→ **Your objective**:
Go through the material that comes after this and count the lines containing "Image"; report only the count.
BEGIN Extracted material
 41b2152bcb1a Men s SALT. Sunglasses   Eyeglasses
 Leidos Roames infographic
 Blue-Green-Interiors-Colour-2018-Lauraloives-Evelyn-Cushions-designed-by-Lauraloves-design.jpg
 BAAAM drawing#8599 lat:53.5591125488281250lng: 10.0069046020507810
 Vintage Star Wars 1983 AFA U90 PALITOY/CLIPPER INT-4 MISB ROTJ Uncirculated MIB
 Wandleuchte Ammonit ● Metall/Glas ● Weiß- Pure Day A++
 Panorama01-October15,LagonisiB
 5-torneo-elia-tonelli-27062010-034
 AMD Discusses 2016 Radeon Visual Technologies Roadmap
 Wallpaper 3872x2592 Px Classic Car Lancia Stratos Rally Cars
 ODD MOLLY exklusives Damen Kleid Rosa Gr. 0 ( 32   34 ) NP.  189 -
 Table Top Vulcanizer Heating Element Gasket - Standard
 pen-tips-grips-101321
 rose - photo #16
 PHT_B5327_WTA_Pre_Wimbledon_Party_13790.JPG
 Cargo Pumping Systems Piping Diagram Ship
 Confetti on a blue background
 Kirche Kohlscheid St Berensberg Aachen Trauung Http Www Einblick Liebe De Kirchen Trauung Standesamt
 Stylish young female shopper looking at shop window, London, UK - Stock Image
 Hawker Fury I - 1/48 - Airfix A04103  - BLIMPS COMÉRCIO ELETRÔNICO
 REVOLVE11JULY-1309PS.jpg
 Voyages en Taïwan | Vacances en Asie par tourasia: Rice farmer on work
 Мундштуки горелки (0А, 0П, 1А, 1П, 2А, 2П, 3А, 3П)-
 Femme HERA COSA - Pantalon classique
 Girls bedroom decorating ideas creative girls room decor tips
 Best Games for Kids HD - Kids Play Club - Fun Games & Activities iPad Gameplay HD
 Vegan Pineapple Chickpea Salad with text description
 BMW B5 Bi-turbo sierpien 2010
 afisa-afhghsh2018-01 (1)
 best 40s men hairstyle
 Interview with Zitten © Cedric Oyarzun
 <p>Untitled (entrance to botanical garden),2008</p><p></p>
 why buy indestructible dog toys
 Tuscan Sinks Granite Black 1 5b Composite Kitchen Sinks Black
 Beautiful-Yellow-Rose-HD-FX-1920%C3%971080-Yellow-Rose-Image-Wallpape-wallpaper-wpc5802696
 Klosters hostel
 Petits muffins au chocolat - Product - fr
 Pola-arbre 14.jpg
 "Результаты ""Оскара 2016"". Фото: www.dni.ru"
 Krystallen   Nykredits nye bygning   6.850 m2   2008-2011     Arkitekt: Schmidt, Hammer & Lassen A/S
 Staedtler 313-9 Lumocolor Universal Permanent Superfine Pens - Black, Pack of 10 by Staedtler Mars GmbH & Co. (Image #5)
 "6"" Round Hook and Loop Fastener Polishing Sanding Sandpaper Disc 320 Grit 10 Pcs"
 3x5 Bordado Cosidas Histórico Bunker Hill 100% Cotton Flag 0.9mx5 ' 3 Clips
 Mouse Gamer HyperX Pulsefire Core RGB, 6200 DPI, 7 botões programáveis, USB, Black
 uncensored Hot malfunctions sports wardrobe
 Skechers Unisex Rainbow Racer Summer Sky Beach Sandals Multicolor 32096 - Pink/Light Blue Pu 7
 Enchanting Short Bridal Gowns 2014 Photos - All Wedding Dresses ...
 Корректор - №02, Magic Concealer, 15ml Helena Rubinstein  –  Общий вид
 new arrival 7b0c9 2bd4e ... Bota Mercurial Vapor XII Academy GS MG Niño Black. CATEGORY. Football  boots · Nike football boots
END Extracted material
→ **Reply to the exercise**:
3